With lead, Kent Tungsten-Matrix, or Nice Shot, there is little doubt that #5 shot is the best choice, the most effective at all ranges. When #5 falls off, past fifty yards, going to #4 will reduce your pellet count so much as to reduce your effective pattern size exactly when you don't want it-- at extended ranges. Though lots of things may work, that isn't the idea of hunting for sport at all. It isn't simply that it can work, or it has worked, it is what wounding ballistics have shown will yield 100% game recovery if we hit what we are shooting at. The problem with alleged “misses,” is that we will never know if that's what they are. With 500 pellets or more in a shot cloud, if we don't go pick him up we might as well be feeding the coyotes. No one can account for all 500 pellets at thirty yards, much less fifty years. If we think we can control a pellet, then we likely should be pheasant hunting with air rifles. We can't, though . . . that's why we use 500 pellet payloads.

Here is a comparison of 1-1/8 oz. #2 steel, 1-1/4 oz. #5 lead, and #5 1-1/8 oz. Kent Tungsten-Matrix or Nice Shot. 1-1/8 oz. steel indicates 12 gauge due to case capacity, but 1-1/4 oz. and 1-1/8 oz. lead and Kent TM loads are twenty gauge loads as well as sixteen gauge shotshells, the shotguns I've used most to take wild pheasants every year for over forty-five years by now.

You'll quickly note that even faster muzzle velocity steel looks pretty sad compared to lead or Tungsten-Matrix at 40 yards. Beyond that, it just gets worse. You'll get more penetration with lead and Kent TM, over 27% more at 40 yards, 37% more at 50 yards. At fifty yards, while Kent TM and Nice Shot give you nearly 1-3/4 inches of penetration (1.73 in.), #2 steel is down to less than an inch and a half (1.36 inches).

Also, note that with identical payload mass, 1-1/8 oz., Kent TM and Nice Shot loads can be substantially lower recoil loads as well, never a bad thing when taking that second bird quickly. A "Modified Choke" pattern percentage from lead or Kent TM is better than a 100% steel pattern, and due its larger effective spread, a better choice for pheasants without question.

Effective pattern size is far, far better with identical payloads of Kent TM or Nice Shot as well. We have 40% more pellets compared to #2 steel (same payload) that ensures that. What you choose is what you use, of course, but the benefits of lead or Kent TM compared to steel are 37% better penetration at 50 yards, and 40% more pellets to form an effective pattern with, with the bonus of less recoil as well.

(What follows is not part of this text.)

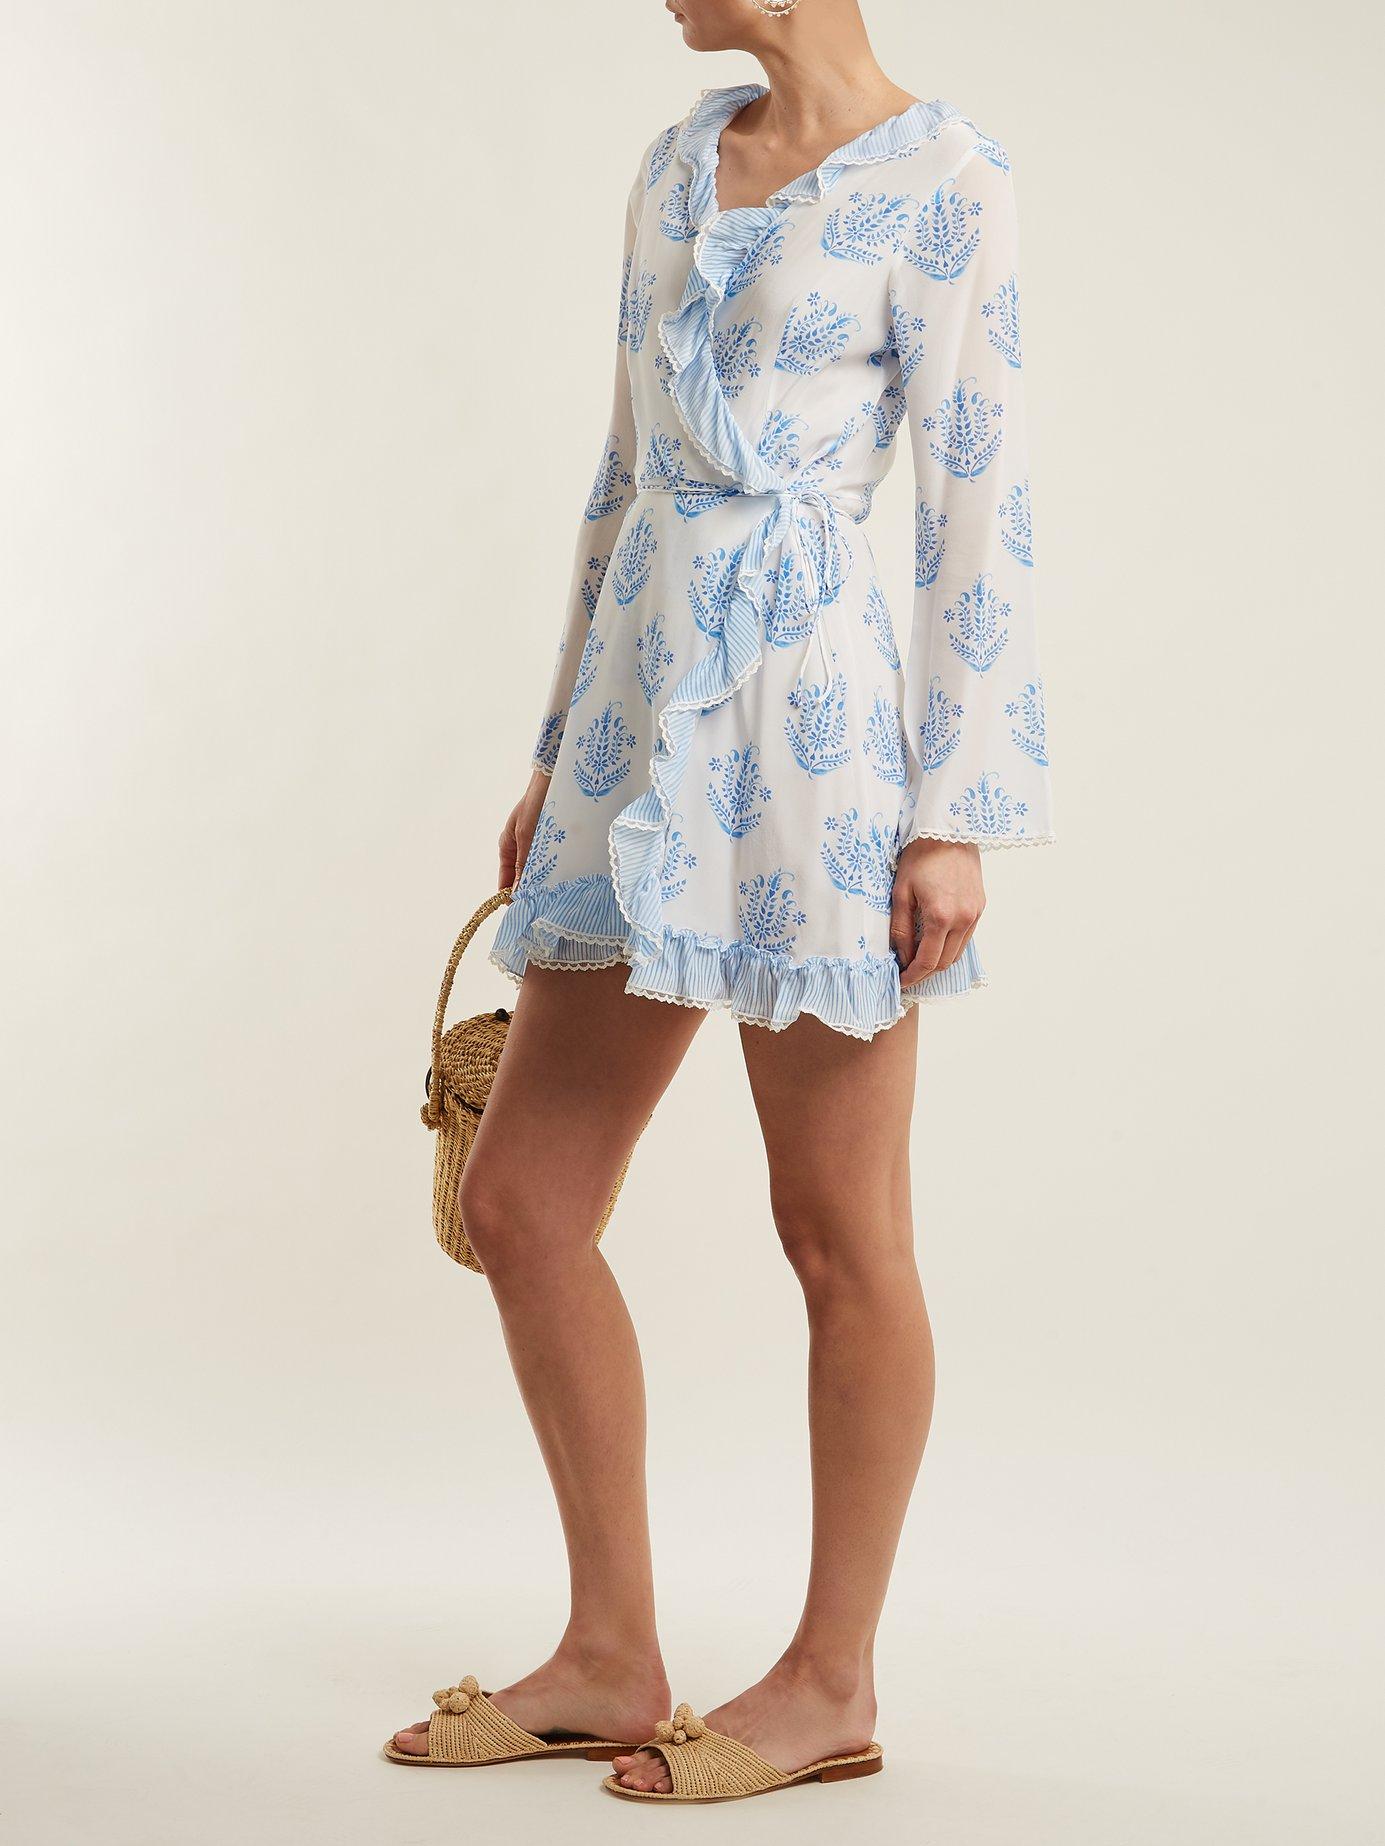 Vagabond long-sleeve wrap dress by Athena Procopiou

It gets better. Comparing 1-1/4 oz. #5 lead (20 gauge, 3 in.) vs. 1-1/8 oz. Federal Heavyweight #7 (20 gauge 2-3/4 in.) at 50 yards:

The lowest recoil load of all listed here, the 1100 fps Federal 1-1/8 oz. #7 Heavyweight 2-3/4 inch 20 gauge shell, handily outperforms all of the above. More penetration at 50 yards than our faster #2 12 gauge steel load has at 40 yards with a comparatively huge pellet count. The Federal Heavyweight #7 1-1/8 oz. load essentially does at 50 yards what our 1-1/4 oz. #5 lead load manages at 40 yards. HWT #7 vs. #5 lead at 50 yards is no contest: Heavyweight #7 yields less recoil, 15% more pellets, better energy density, and over 22% better penetration.

It has better penetration at 60 yards (1.68 in.) than #5 lead at 50 yards, and better penetration at 60 yards than faster steel #2 has at 40 yards. That's a whopping 50% greater range with an 1100 fps Federal Heavyweight #7 20 gauge shell vs. a 1400 fps 12 gauge #2 steel load . . . with 77% more pellets in the shot cloud.

If you really think you want steel: use #2. If you need no-tox with lead performance (safe for lead only barrels and chokes), use #5 Kent Tungsten Matrix or #5 Nice Shot. If you want a low-recoil 50 yard plus pheasant load, use the 1-1/8 oz. Federal Heavyweight #7 load.